MFJ behavior is covered by several layers of tests.

Unit Coverage

  • Coordinator behavior covers fan-out, fan-in, merge resolution, sequencing, contracts, duplicate suppression, and partial-failure handling.
  • Schema coverage validates typed mid_flight_journeys input and staged-to-flat expansion behavior.
  • Persistence coverage validates write-through, read-through, recovery, TTL/index behavior, and graceful degradation.
  • Observability coverage validates structured logging, tracing fallbacks, metrics fallbacks, and coordinator wiring.
  • Merge-strategy coverage validates built-in strategies plus registry-based custom lookup.

Integration Coverage

  • Full-cycle tests verify trigger → fan-out → child completion → merge → resume.
  • Multi-MFJ tests verify requires gating and cycle progression.
  • Timeout and partial-failure tests verify degraded-but-deterministic resume paths.
  • Persistence-backed tests verify completion records are written and can satisfy later requires checks.
  • Event-sequence tests verify emitted UI/runtime event order alongside parent context updates.

Representative Test Files

  • tests/test_workflow_pack_coordinator_mfj.py
  • tests/test_pack_schema_models.py
  • tests/test_mfj_persistence_recovery.py
  • tests/test_mfj_observability.py
  • tests/test_merge_strategies.py
  • tests/test_mfj_resume_contract.py
  • tests/test_mfj_live_smoke.py

Pack Graph Keys

Workflow-local MFJ files use:

  • Version 3 (mid_flight_journeys): typed MFJ config for fan-out/fan-in inside one workflow.

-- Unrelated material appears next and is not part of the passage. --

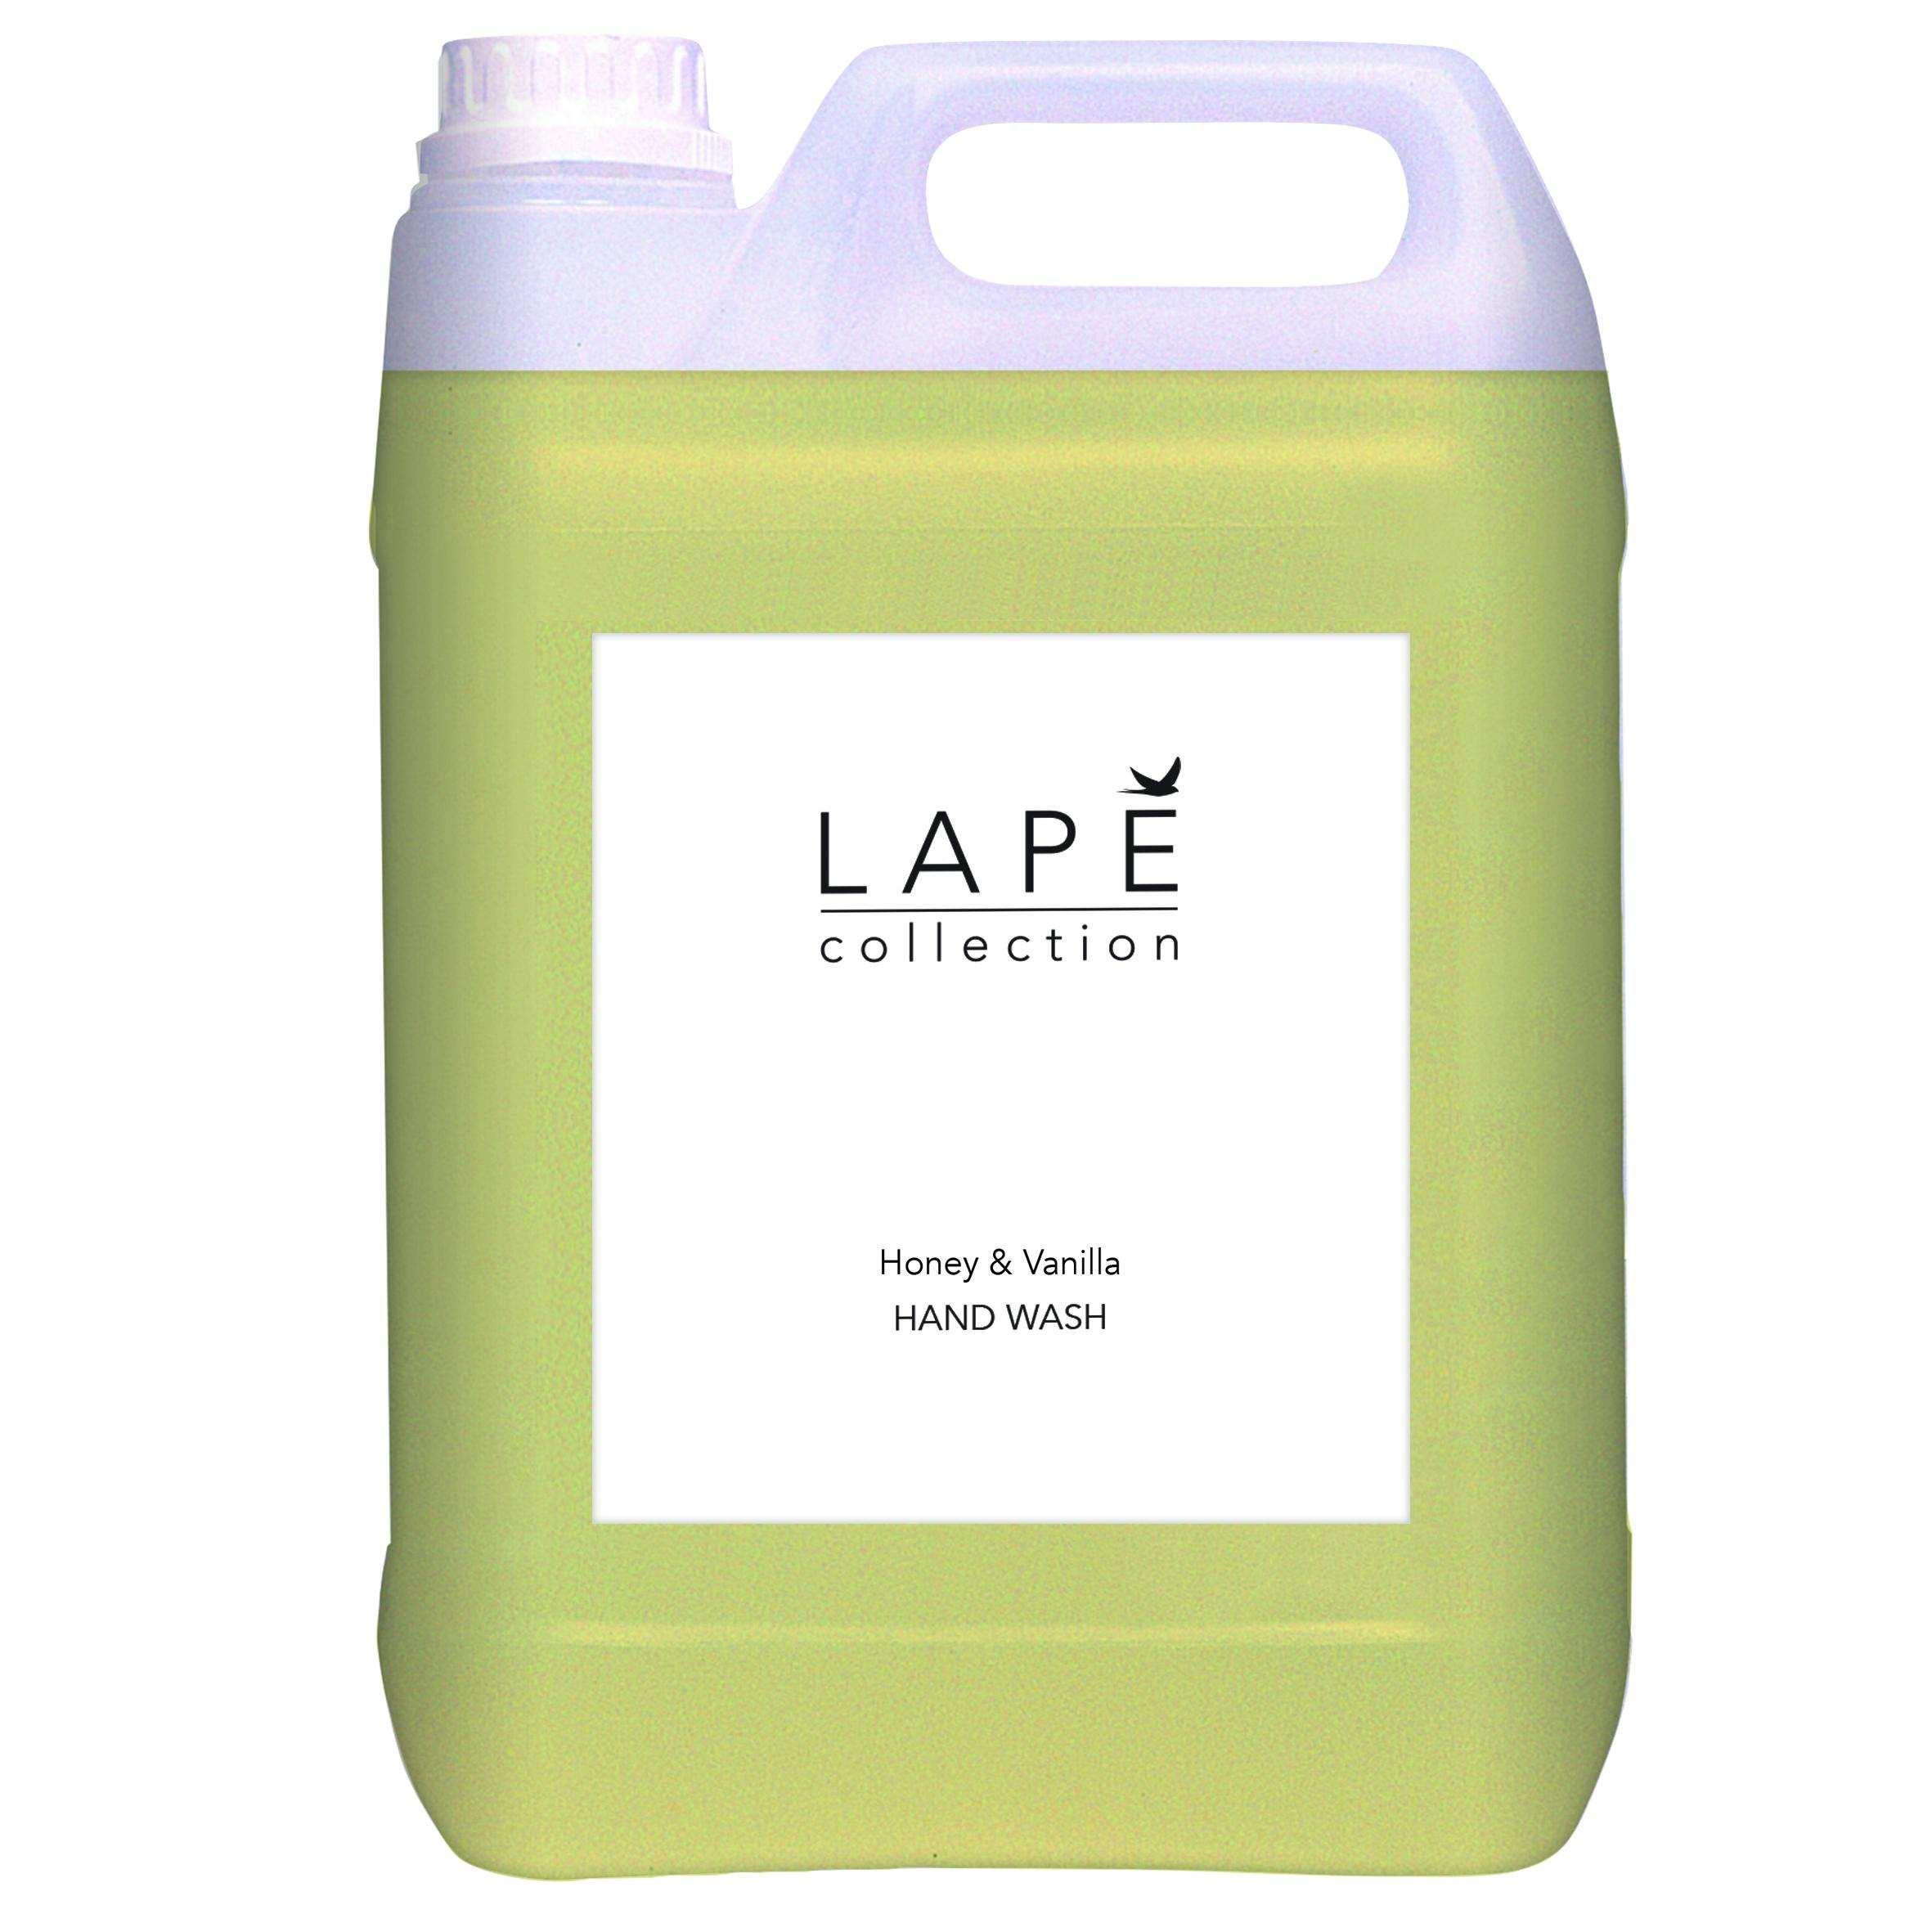 100934577-LAPĒ-Collection-5L-refill-Honey-vanilla-hand-Wash-pack-shot-CMKY-20x20cm.jpg

Global cross-workflow journeys are a separate config (extension_registry.json), not workflow-local MFJ.


Design Principles

  1. Declarative over imperative: MFJs are defined in YAML/JSON config, not in Python code. Workflow authors describe what should happen; the runtime handles how.

  2. AG2-native: MFJs leverage AG2's existing primitives (context_variables, update_agent_state hooks, handoffs, structured_outputs) rather than building parallel mechanisms. This keeps the framework opinionated and avoids drift.

  3. Parent continuity: The parent GroupChat is the user's single point of interaction. From the user's perspective, they're having one conversation. The fork-join mechanics are transparent.

  4. Contract-driven: Input and output contracts make MFJs self-documenting and checked at fan-in. They reduce misconfiguration risk, but they do not replace live AG2 acceptance coverage.

  5. Failure is a first-class concept: Not all children will succeed. The system has explicit strategies for partial failure rather than silently dropping results or crashing.

  6. Composable: MFJs are building blocks. A simple workflow might have zero MFJs. A complex build pipeline might have three. The same primitives work for both.